In view of the fact that the authorities failed to formally invoke any legal basis justifying the detention of Çevik, the Working Group considered that his detention is arbitrary, falling within category I of the arbitrary detention categories referred to by the Working Group when considering cases submitted to it.

The Working Group has also noted that the Çevik’s legal counsel has not been able to contact his client frequently and in private and that the investigation against him is being carried out under certain limitations in terms of access to the file by his legal counsel.
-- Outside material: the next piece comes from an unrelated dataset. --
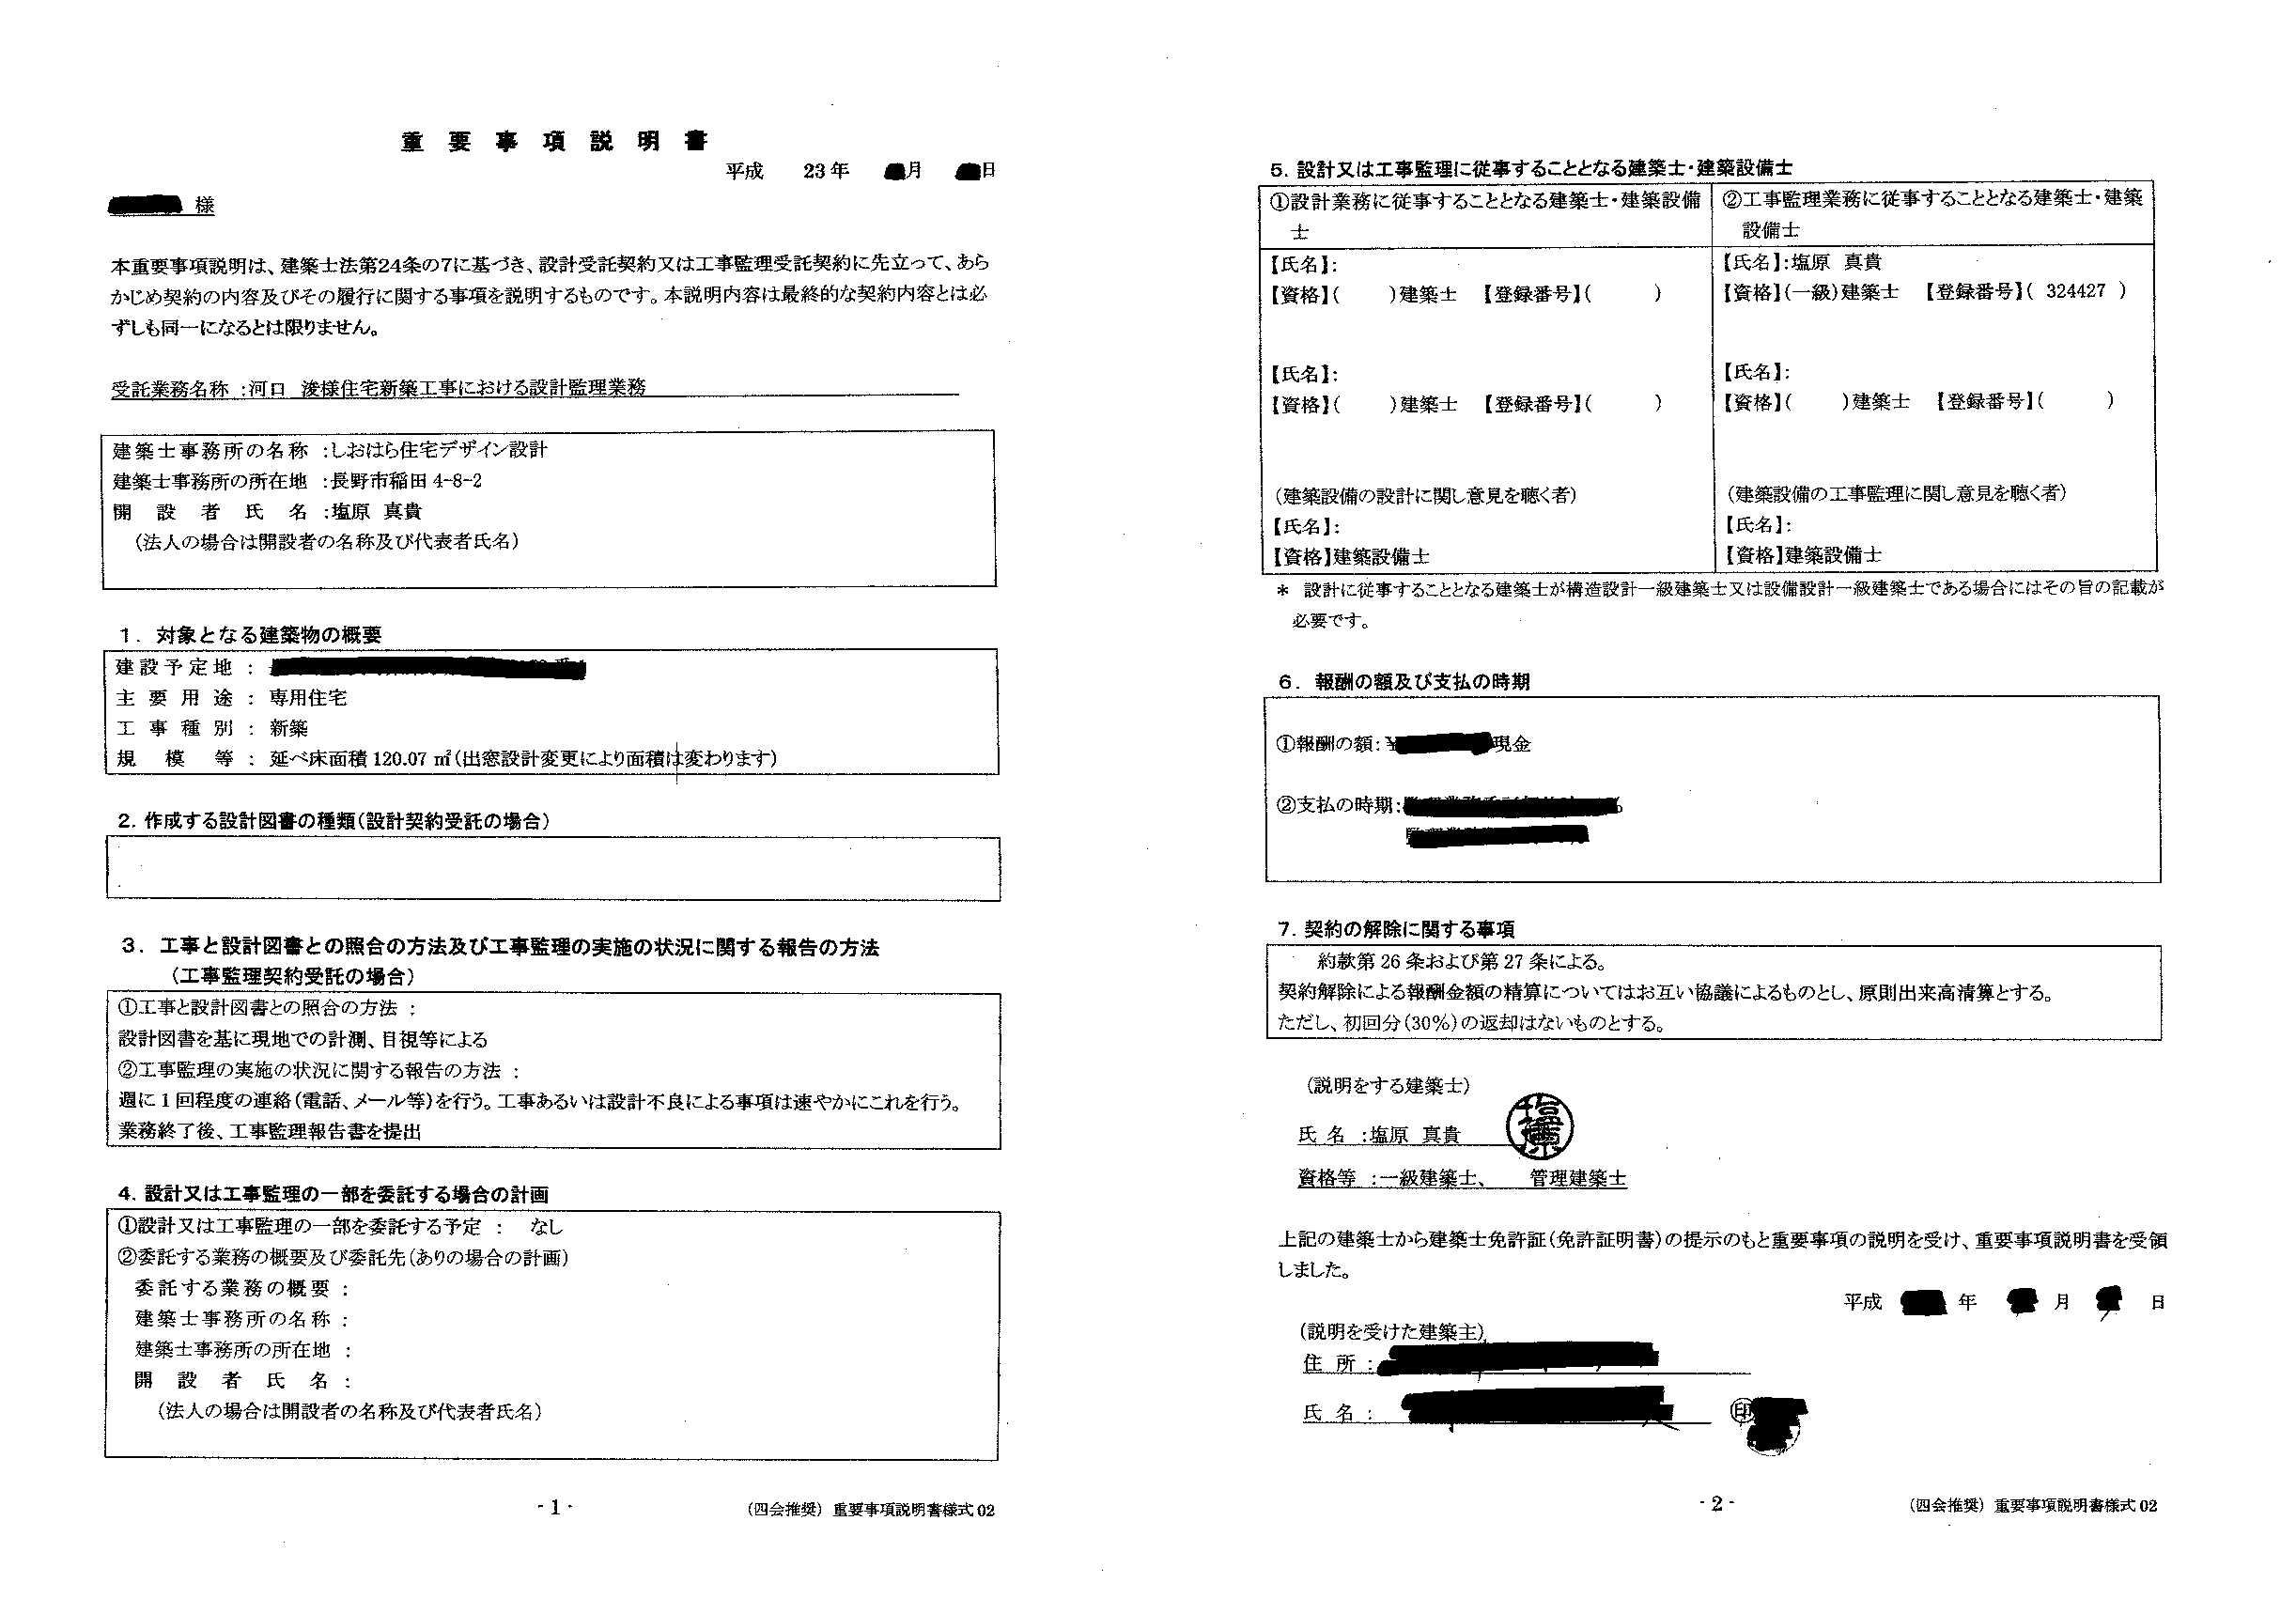 委託 書 と は 業務 契約

The Working Group is also aware that Çevik only met four times with his lawyers during the nine months of his deprivation of liberty and that both he and the lawyer have had limited access to the case files to obtain samples from it, in accordance with the rules of procedure applicable in Turkey. The Working Group further notes with concern
that a lawyer hired by Çevik was accused of being a Gülen follower and disbarred.

The Working Group is not convinced that the restriction on the disclosure of information to Çevik in order to prepare his legal defence was proportionate, or that the non-disclosure of the file to the lawyer and Çevik protected the legitimate aim of national security.
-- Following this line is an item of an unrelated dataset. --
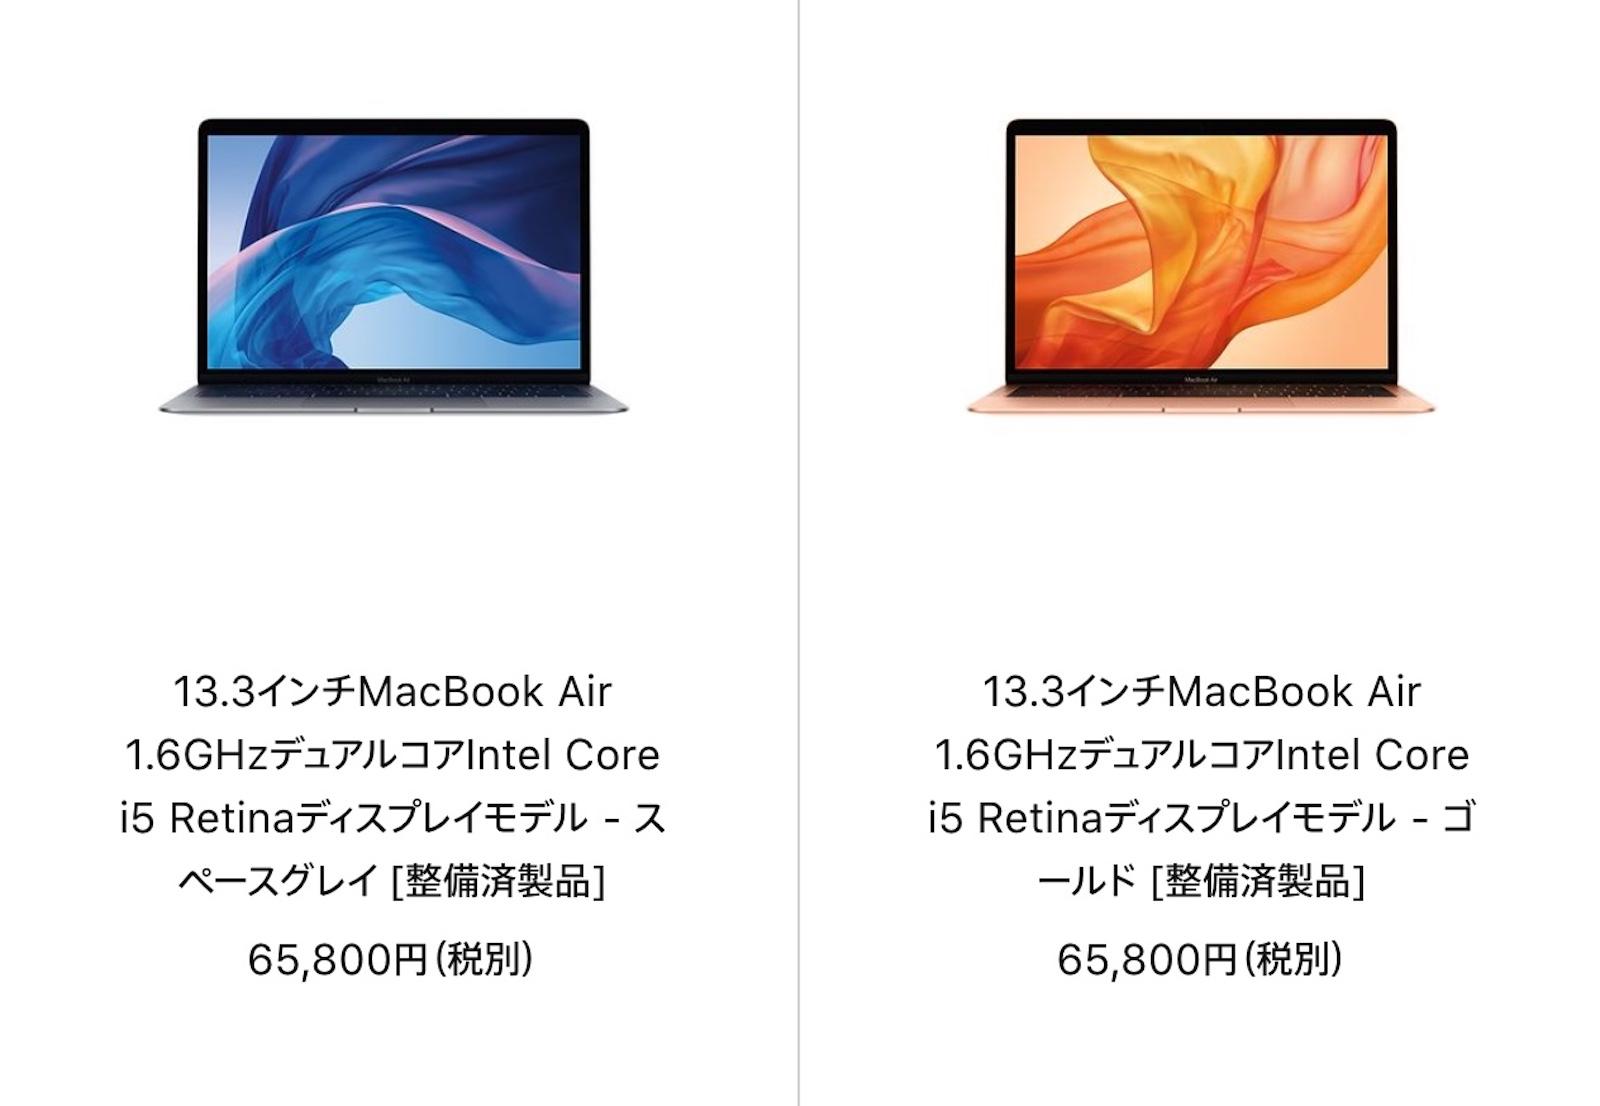 Macbok air refurbished models on sale

In view of the foregoing, the Working Group is convinced that the right of Çevik to have effective legal representation, adequate time and facilities for the preparation of his defense and to communicate with counsel of his own choosing has not been respected by the Government of Turkey, in violation of article 14 (3) (b) of the Covenant and principle 17.1 of the Body of Principles for the Protection of All Persons under Any
Form of Detention or Imprisonment.

The Working Group further recalls that according to principle 9 of the United Nations Basic Principles and Guidelines on Remedies and Procedures on the Right of Anyone Deprived of their Liberty to Bring Proceedings Before a Court, legal counsel shall be able to carry out their functions effectively and independently, free from fear of reprisal, interference, intimidation, hindrance or harassment. The Working Group will refer the present case to the Special Rapporteur on the independence of judges and lawyers for further consideration.
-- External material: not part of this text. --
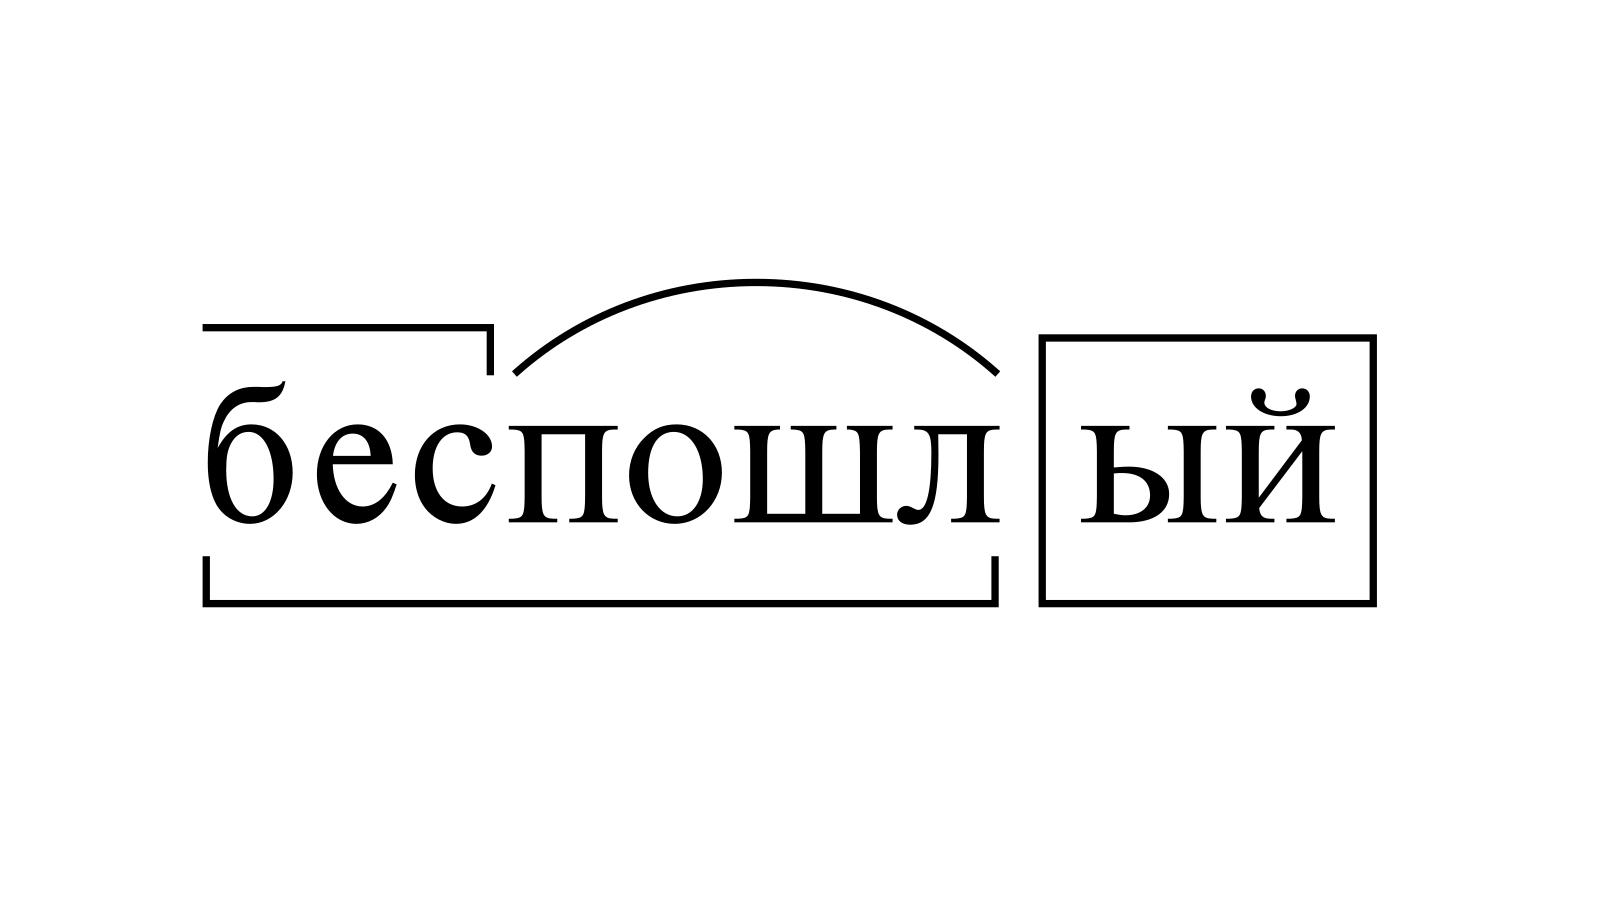 Разбор слова «беспошлый» по составу

The Working Group notes that Çevik reportedly appealed to the Constitutional Court in September 2016 and that the Court has not yet ruled on the case. The Working Group considers that such a delay in addressing the matter by the State violates the relevant rules of international law, in particular the right to bring proceedings before a court without delay to challenge the lawfulness of the deprivation of liberty (article 9 (4) of the Covenant). In addition, the Working Group would like to recall that no substantial waiting period, de jure or de facto, shall exist before a detainee can bring a first challenge to the arbitrariness and lawfulness of the detention.

Furthermore, the Working Group wishes to recall that the right to challenge the lawfulness of detention before a court is a self-standing human right, which is essential to preserve legality in a democratic society. That right, which constitutes a peremptory norm of international law, applies to all forms of deprivation of liberty, to all situations of deprivation of liberty, including not only to detention for purposes of criminal proceedings but also to situations of detention under administrative and other fields of law, including military detention, security detention and detention under counter-terrorism measures.

The Working Group wishes to reiterate the position of the Commissioner for Human Rights on the “urgency of reverting to ordinary procedures and safeguards, by ending the state of emergency as soon as possible. Until then, the authorities should start rolling back the deviations from such procedures and safeguards as quickly as possible, through a nuanced, sector-by-sector and case-by-case approach.”

The Working Group consequently finds that the non-observance of the international norms relating to the right to a fair trial, established in the Universal Declaration of Human Rights and in the relevant international instruments ratified by Turkey, is of such gravity as to give the deprivation of liberty of Çevik an arbitrary character and falls within category III of the arbitrary detention categories referred to by the Working Group when considering cases submitted to it.